White and ivory remain the sharpest expressions of the trend, but the palette has widened in a way that makes the skirt easier to merchandise and easier to wear. Who What Wear notes that white, cream, peach, beige, blue, and khaki are among the standout tones, which gives the category more range than the name suggests. That expansion matters because lace trim can read sugary if it is handled in only one way; neutral and muted colors pull it back toward everyday dressing.

The most compelling versions still keep the fabric story simple. A slip skirt with lace at the hem has a cleaner line than a heavily tiered piece, which is part of why it works so well with basic tops, button-downs, peasant blouses, and long tunics. The lace gives just enough finish to keep the skirt from disappearing, but not so much that it becomes costume.
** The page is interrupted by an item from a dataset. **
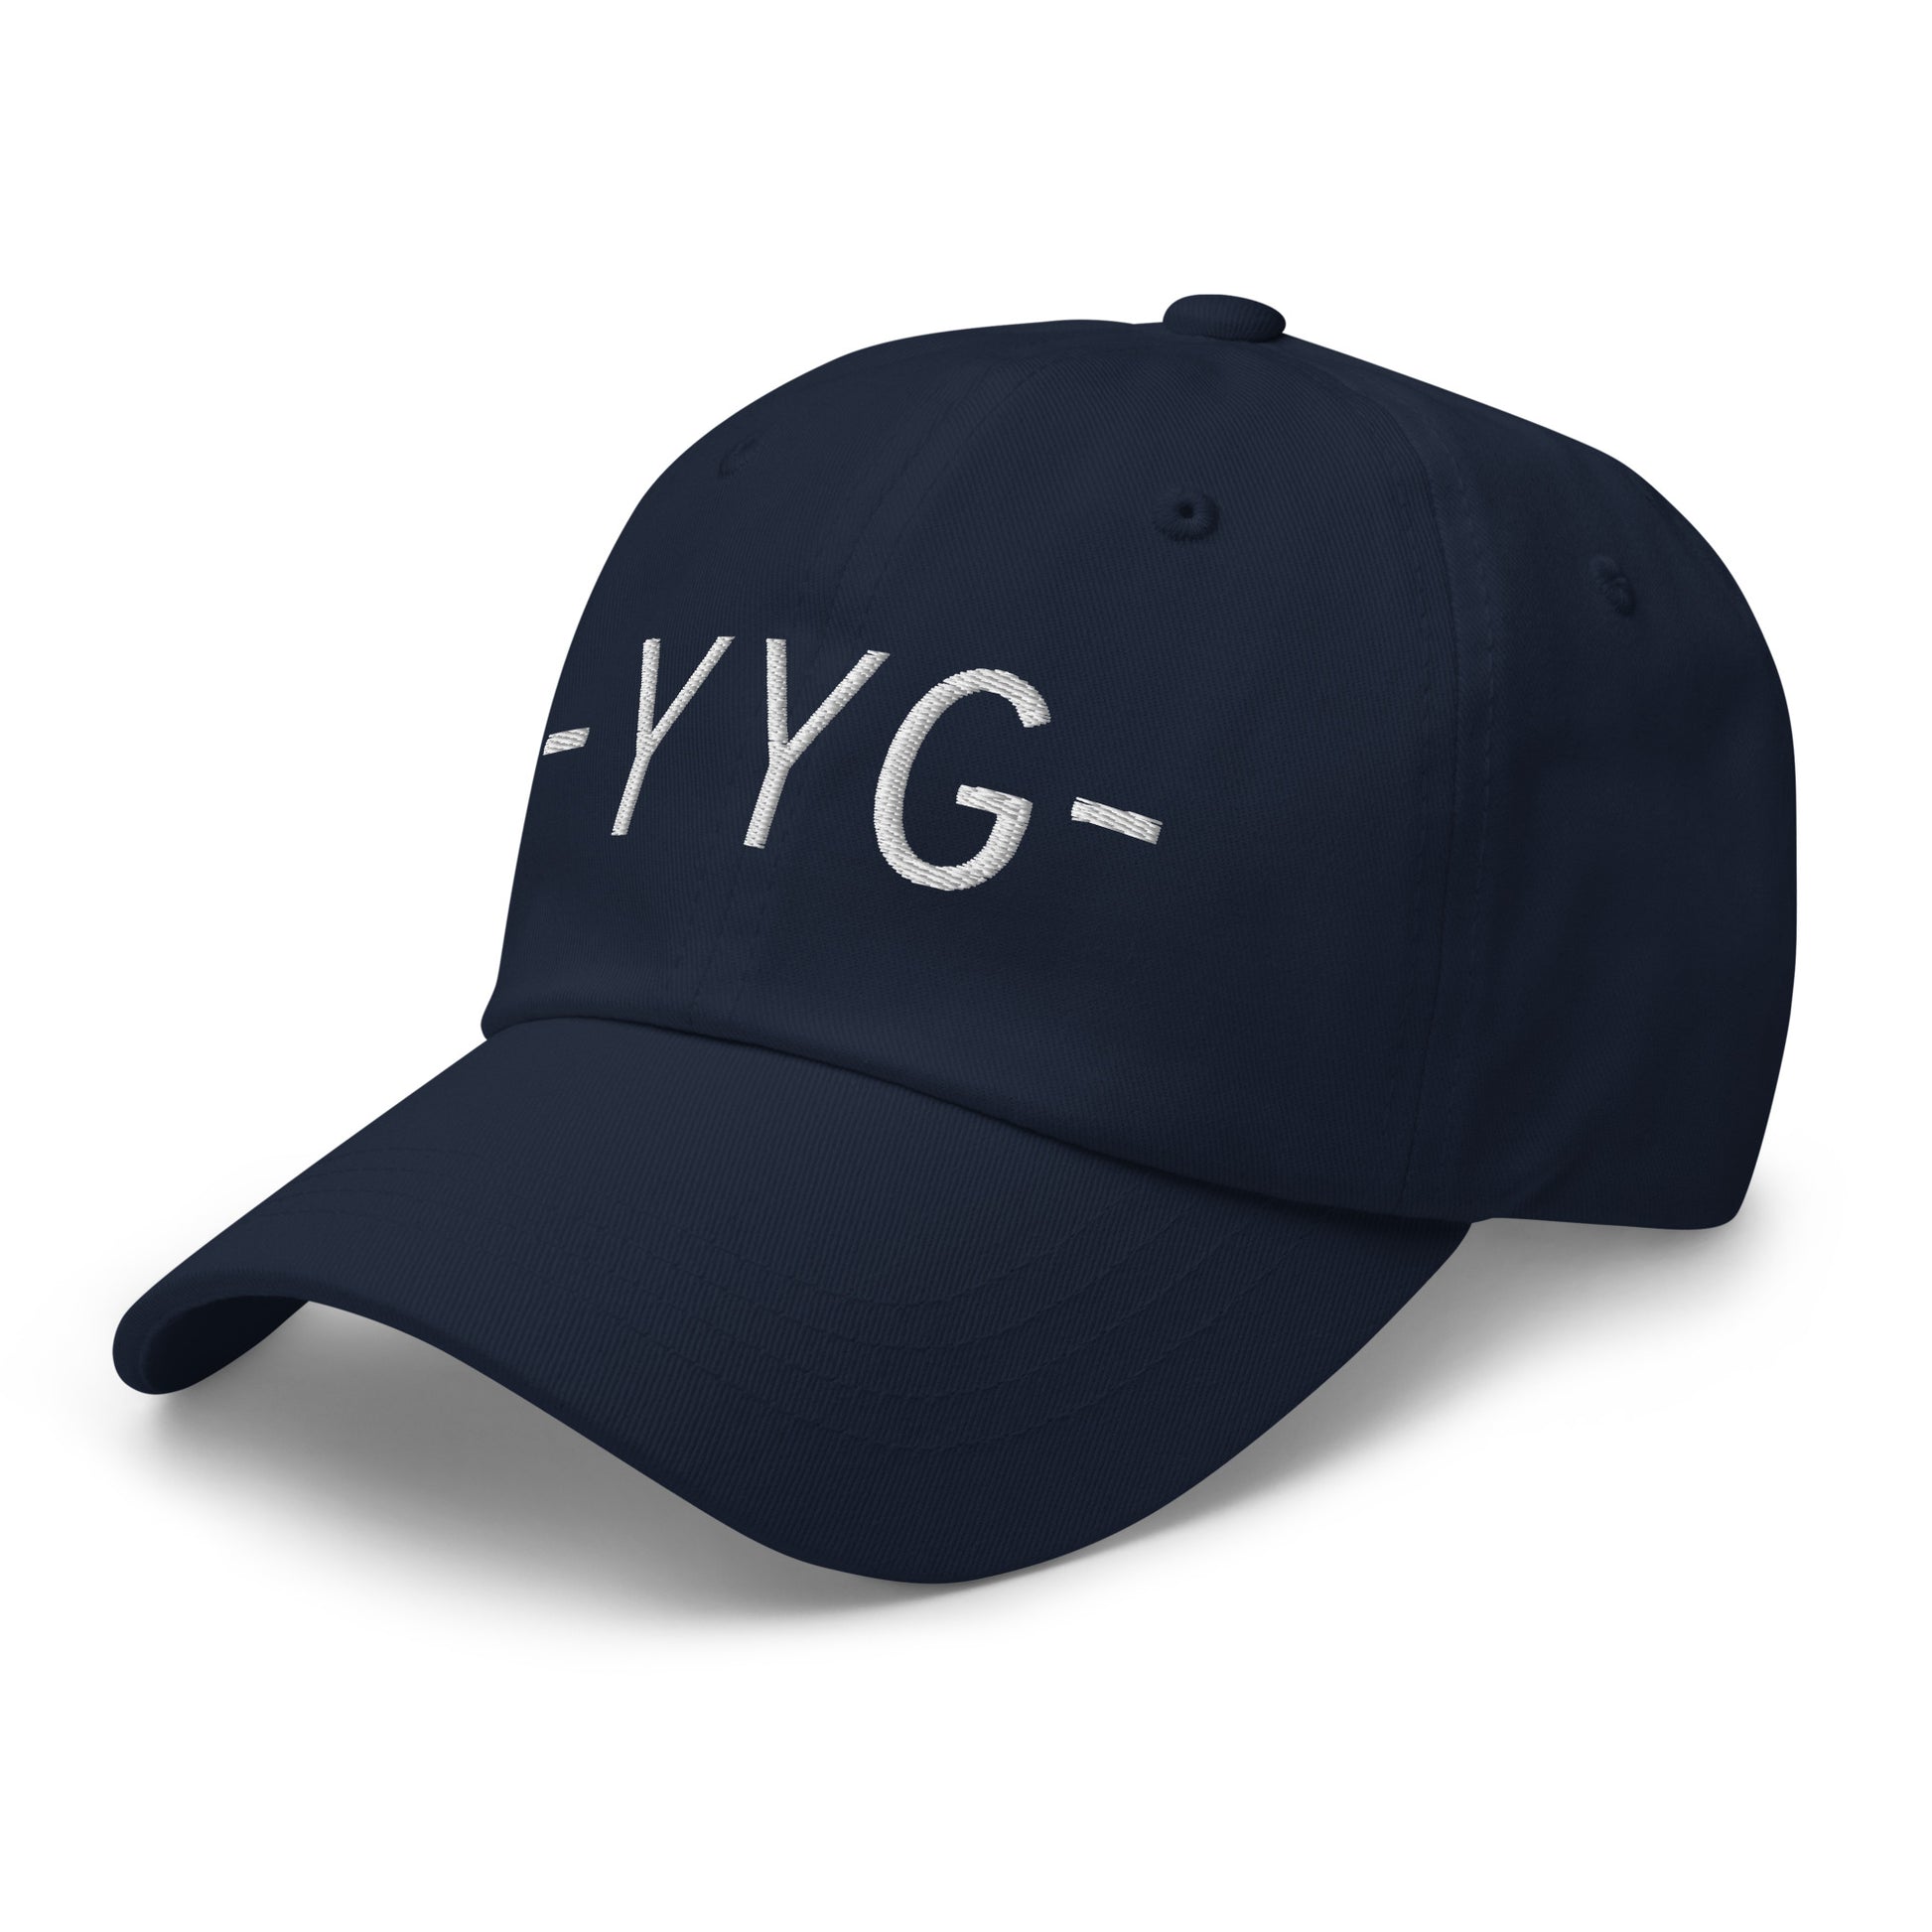 Souvenir Baseball Cap - White • YYG Charlottetown • YHM Designs - Image 15

Five ways to wear the trend without losing the ease

Office polish

For the office, the white lace-trimmed skirt works best when it behaves like a tailored skirt’s softer cousin. Pair it with a crisp button-down, tucked cleanly or left slightly relaxed, and finish with kitten heels for a look that feels edited rather than fussy. The lace trim gives the outfit enough personality to stand apart from standard workwear, while the shirt keeps it grounded in something practical.

Vacation packing

On holiday, the skirt becomes a natural answer to heat. A simple tank or slim tee, plus flip-flops, gives it that easy vacation nonchalance that keeps lace from feeling overworked. This is where the skirt’s commercial appeal is clearest: it can move from poolside lunch to dinner terrace without demanding a change in identity.

City weekend

For a city weekend, lean into the contrast that makes the trend feel modern. Jennifer Lawrence wore a white lace-trimmed slip skirt in New York with an oversized blazer, The Row bag, and nude leather high-heel sandals, and that formula is exactly why the look resonates beyond brunch dressing. The blazer strips away anything too dainty; the skirt supplies the femininity, and the result is crisp, urban, and entirely current.

Evening out

At night, the skirt works best when the top has a little texture and movement. A peasant blouse adds softness without tipping into saccharine, especially when the skirt is in bright white or soft ecru, the kind of palette Who What Wear links to a “Picnic at Hanging Rock” mood. Add a refined heel and the whole outfit becomes romantic rather than formal, which is the point: the skirt should feel like a modern answer to evening dressing, not a costume from the archives.

Off-duty with a longer line

The long tunic version is the most quietly chic, especially for days when you want coverage without weight. Worn over a lace-trimmed skirt, a tunic creates a column of fabric that feels airy and architectural at once, which is why this pairing has such an easy place in summer wardrobes. It is the least obvious styling move of the five, but also the one that makes the trend look most adult.

Why editors and retailers are backing it

This is the sort of piece that performs because it can be read in multiple ways at once. On the runway, Celine, Chloé, and Stella McCartney have given lace trim a polished, designer-approved frame. On the street, New York Fashion Week has reinforced the appetite for lace in sheer skirts, gauzy bralettes, and frilled details. On celebrities, Jennifer Lawrence has proved that the look can go from fashion-forward to fully wearable in one outfit.

That combination is what turns a pretty skirt into a summer staple. The white lace-trimmed skirt feels like romance with a job to do, and that is why it is everywhere now: it delivers the softness people want from summer dressing, without giving up the ease they actually need.

This article was produced by Prism’s automated news system from verified source data, official records, and press releases, then run through automated quality and moderation checks before publishing. The system is built and supervised by the people who set the standards it runs under. Read our full AI policy.